An example of walking with friends all the way

I went to the library with m during the summer vacation, and then I met him in the first month of school. At that time, M told me excitedly that she did well in the exam. Actually, I'm not surprised. M's talent in primary school is enough to surprise me. She can decompose complex math problems step by step, and finally confidently write the answers on the test paper. She often gets high marks in exams, which often makes me feel ashamed. The intersection with m is because she is sitting behind me. Chat with her often when you are free, and then you will get acquainted. I still remember that M and I will often unite to bully P, and P will often be speechless by us. I had an appointment with m for the day of drawing lots for the experiment. If we all win, we will go outside the experimental area by bike. If neither of us can win, we will go to No.1 Middle School together. I didn't win the experiment that day, but M won. Although I wanted to cry, I tried to call M with a smile and said that the activity was cancelled. Later on Monday, M told me that her mother wanted her to study in No.1 Middle School. How happy I was at that time, and how I hoped to continue walking with her on the campus of No.1 Middle School. Her words relieved me, at least on that day. But it's a pity that later she said that the hukou should be allocated to the ancient city, and my hopes were dashed. M finally went to experiment. I met many times a few months ago, but I haven't kept in touch since. M called me once, but I hung up because I was in class. Later, she never called again, and I always felt a sense of loss. Later, after school, I saw M and a little girl on the side of the road, and then she said what she said to me a long time ago. I know we are no longer on the same side, and we all have our own new lives.

All the memories related to C are slapstick jokes. I always thought C was cute, with a round face and a lot of fat. I always think that C should develop into singing. I often listen to C hum some Japanese songs. What is fresh in my memory is Doraemon. I remember once having a moral class, and the old class was bored with it. He sang below, and then I laughed. The old class asked me to stand up and answer questions. It's like I'm listening to a gobbledygook and I don't know anything. After class, she called me over and taught me a lesson. C is also in No.1 Middle School. Once a penumbra met C, but she has become a stranger and can't even hear a bad word. Later, I heard that C sat at a table with the best students in his class, and I couldn't help feeling a sense of comfort. I was not an excellent person when I was in primary school. Maybe C sat at the same table with the worst grades and wouldn't borrow him to copy homework. Now I believe more and more in parallel worlds, where you are poetic and where you are frustrated. There are still a few words I want to say to C. You must study hard and make progress every day! I can't count down the class as before. Since there is such a superior learning environment, we should work harder.

P is much thinner than Chen. Of the three people, I have watched P the most since junior high school. He and a naughty boy in our class are good brothers and go to the door of our class all day looking for someone. I haven't seen you for a summer vacation. P has grown a lot and is not as short as before. I said that he grew up really fast, and he smiled and said without hesitation, "I haven't developed yet!" " "A girl next to me said P is shameless. But I have long been used to these words of P. If he doesn't say them, I feel unaccustomed. P is a narcissistic person in our eyes. He often inexplicably says that he is handsome or makes some actions to pretend to be handsome. I remember the two most funny expressions at that time. One is P pretending to be weak, and the other is C pretending to be a monkey sneezing. I followed them, but I still couldn't reach their jokes. P and m often quarrel, and I will watch it, and then cheer this and that with malicious intent. P is a tearful child. I still remember that time when he was scolded by M, he cried like a pear flower with rain. Once he was beaten by C because of some misunderstanding and cried on his desk. At that time, I often laughed at him, and now he has no taboos. P, you must eat more and grow taller in the future. Don't let me surpass you next year.

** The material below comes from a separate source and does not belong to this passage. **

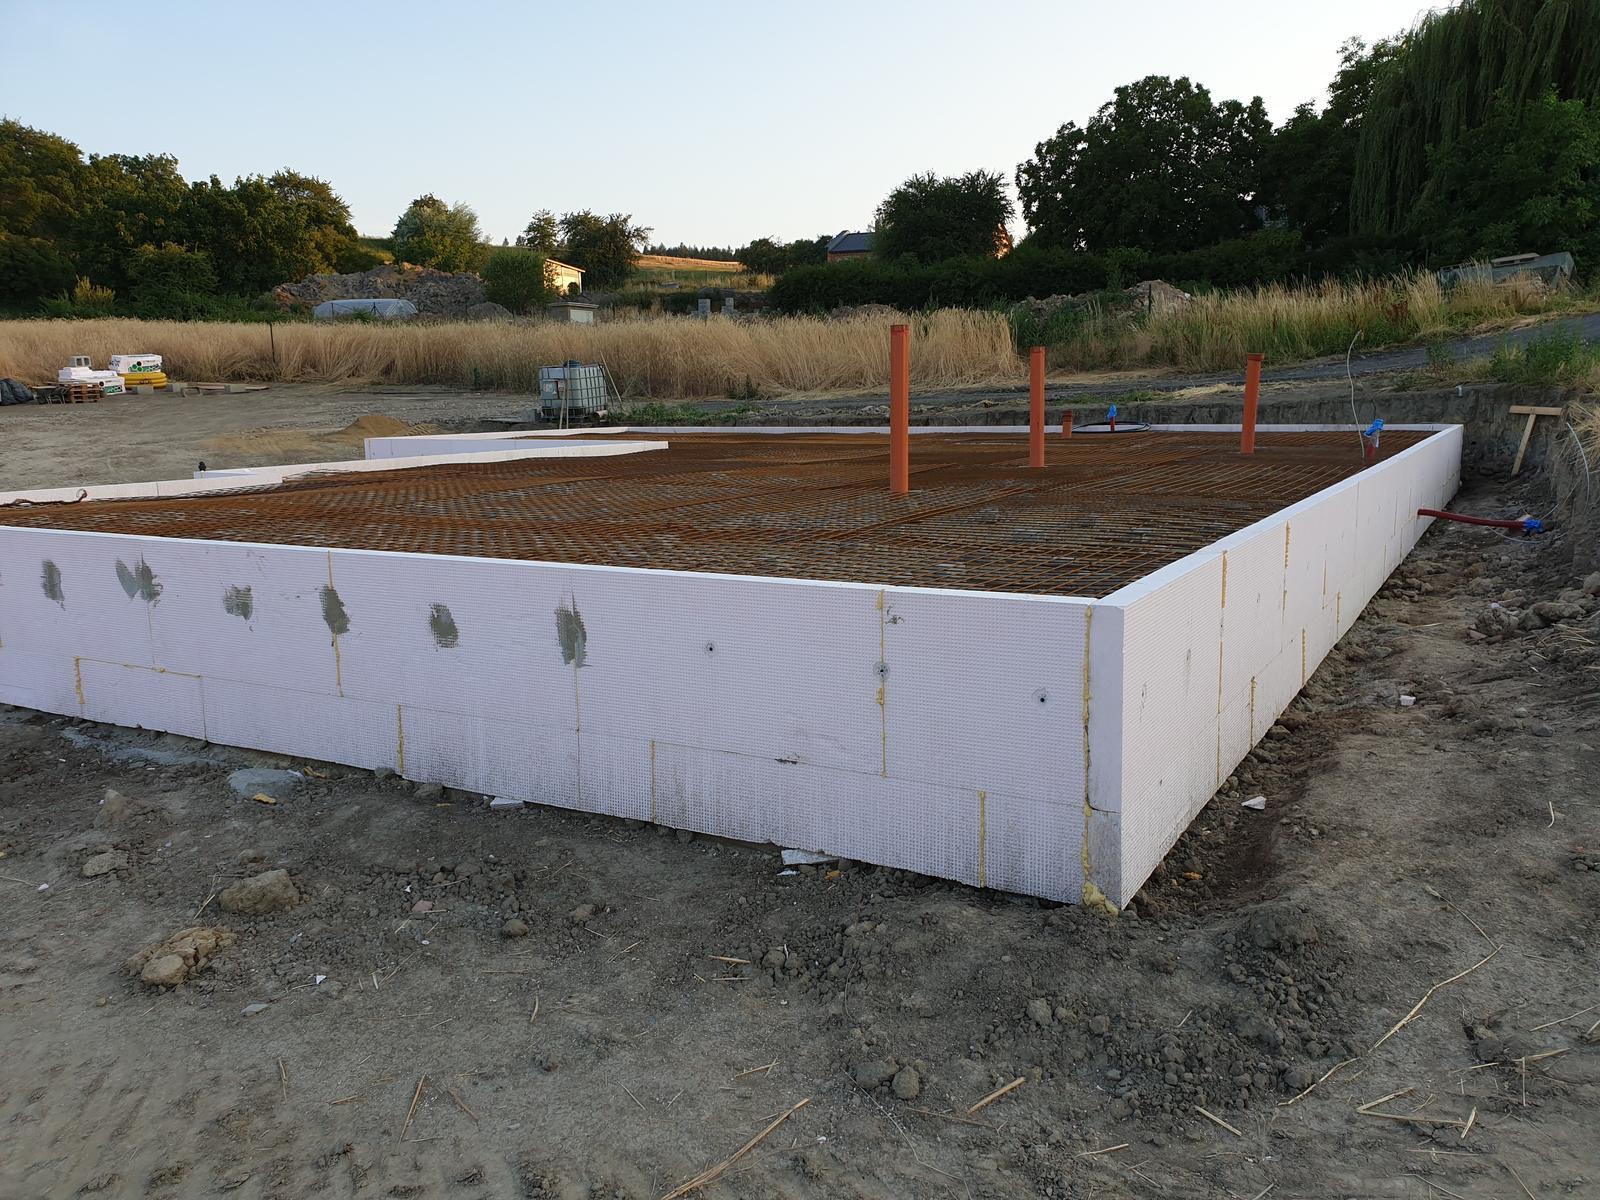 Bungalov s plochou střechou - Obrázek č. 46

This is a memory that I miss so far. The four of us don't have many good memories, just some unforgettable jokes that are deeply imprinted in our minds. Me and M and P and C, will we really end up like this? Is that really the case? Let's say goodbye? No, it's just that our past memories are over. Our future continues in this city, or in a foreign land. What will happen to us in the future? At least we have a past, we have each other, and we will never end. Even if the world ends, our feelings and pure friendship will continue in every dust.

Now I can occasionally meet some primary school students on weekends. We will laugh together, fight together, share our lives together, and talk about the past without taboo. Everyone has nothing to hide and will give it away. Pupils are a beautiful title for us. There may not be much overlap before, but once we leave, we will feel that the distance between us has improved a little.